Invisible character stripping: Removes 20+ zero-width and invisible Unicode characters (U+200B, U+200C, U+200D, U+FEFF, etc.) that attackers insert between letters to break pattern matching.
Homoglyph mapping: Maps 50+ visually similar characters from Cyrillic, Greek, and mathematical symbol ranges to their ASCII equivalents.
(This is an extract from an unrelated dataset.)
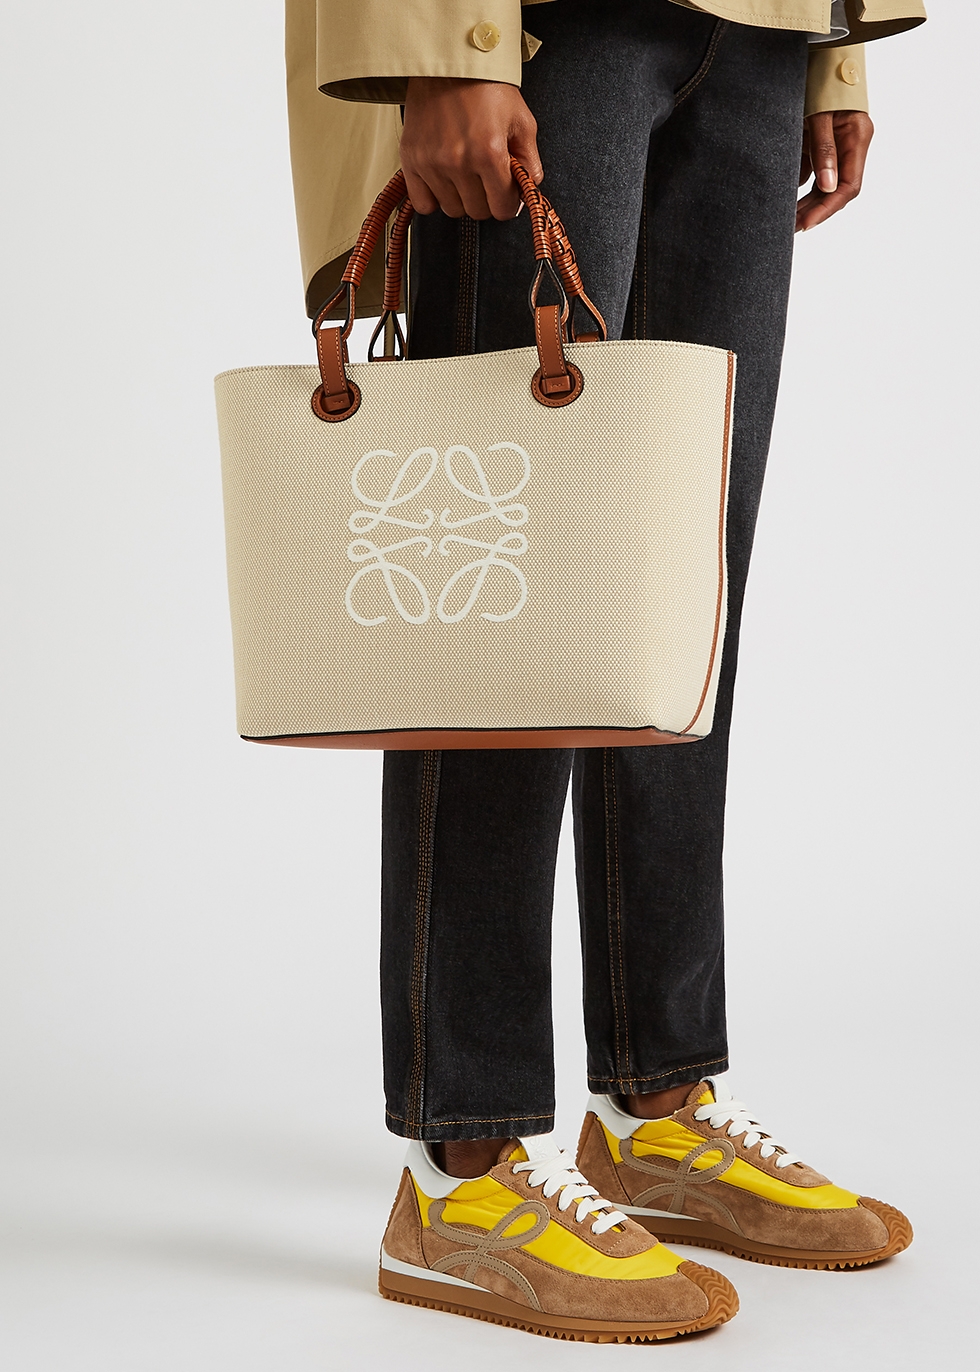 Loewe Anagram Small Canvas Tote

Example: Cyrillic ‘а’ (U+0430) → Latin ‘a’.
Full-width normalization: Converts full-width ASCII variants (U+FF01–U+FF5E) to standard ASCII (U+0021–U+007E).
Whitespace collapsing: Multiple whitespace characters (spaces, tabs, newlines) are collapsed to a single space.

Thread Safety

All components are safe for concurrent use:

Scanner: Read-only after construction (compiled regex patterns).
Normalizer: Stateless — pure function.
Domain checker: Read-only after construction.
Service client: Uses http.Client which is concurrency-safe.
Client: Composes all of the above — no mutable state during operation.

Runtime Guardrails

The current implementation includes lightweight production guardrails:

Input bounding: MaxInputBytes limits analysis payload size.
Decode bounding: MaxDecodeDepth and MaxDecodedVariants cap obfuscation expansion.
Retry controls: ServiceRetries retries transient deep-service failures.
Circuit breaker: ServiceCircuitFailureThreshold + ServiceCircuitCooldown prevent repeated service stalls from impacting local scans.
MCP HTTP auth: Optional bearer/API-key auth (--auth-token) for streamable HTTP transport.

Circuit breaker scope:

Breaker state is process-local (per running idpishield instance).
In horizontally scaled deployments, each instance tracks failures independently.
For shared breaker behavior across replicas, use an external shared-state mechanism in your platform layer.

Profile safety note:

default profile is intentionally lightweight for local/dev usage.
Use --profile production in production startup commands and deployment manifests.

Dependencies

The root library primarily uses Go standard library components plus targeted external packages where needed (for example Unicode normalization). CLI/MCP adapter components have additional dependencies.